Once test data requirements are outlined, the test team also needs to plan the means of obtaining, generating, or developing the test data and of refreshing the test database to an original state, to enable all testing activities, including regression testing. An automated approach is needed.
Data usually needs to be prepared prior to being used for testing. Data preparation may involve the processing of raw data or text files, consistency checks, and an in-depth analysis of data elements, which includes defining data to test case mapping criteria, clarifying data element definitions, confirming primary keys, and defining data-acceptable parameters. The test team needs to obtain and modify any test databases necessary to exercise software applications and develop environment setup scripts and testbed scripts. Ideally, already existing customer or system data is available that includes realistic combinations and variations of data scenarios (it is assumed that the data has been cleaned to remove any proprietary or personal information). Customer data can also include some combinations or usage patterns that the test team did not consider, so having real customer data available during testing can be a useful reality check for the application.

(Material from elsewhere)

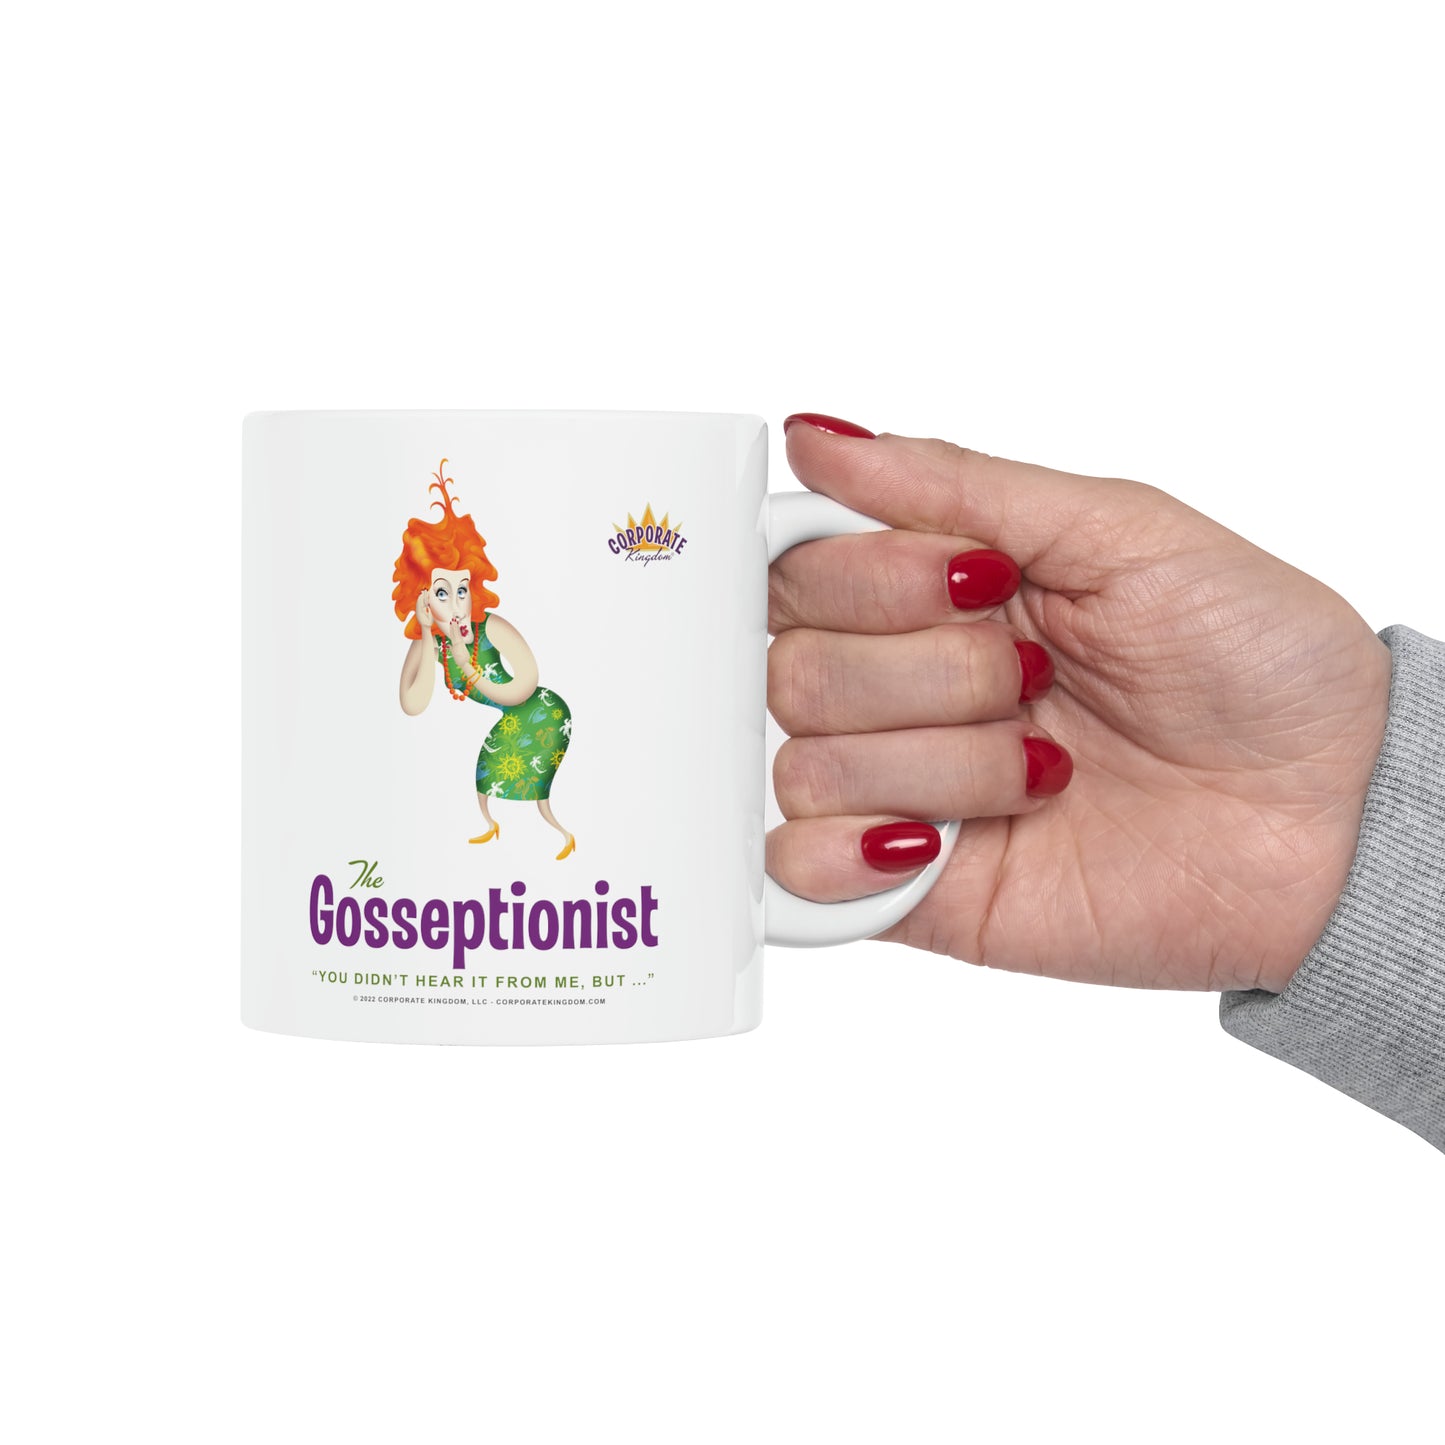 Gosseptionist Coffee Mug by Corporate Kingdom®

Generating test data is tedious, time-consuming, and error-prone if done manually.
Test Execution—Test Effort/Schedule Decrease
Before test execution takes place, entrance criteria must be met. For various reasons, entrance criteria verification should be automated. The entrance criteria describe when a testing team is ready to start testing a specific build. For example, in order to accept a software build during system testing, various criteria should be met, most of which should be automated, some examples are provided here; pick and choose what fits best into your environment or what actually applies in your environment:
- All unit and integration tests must be executed successfully.
- The software must build without any issues.
- The build must pass a smoke test that verifies previously working functionality is still working.
- The build must have accompanying documentation (“release notes”) that describes what is new in the build and what has been changed.
- Defects must be updated to “retest” status for the new build.
- The source code must be stored in a version control system.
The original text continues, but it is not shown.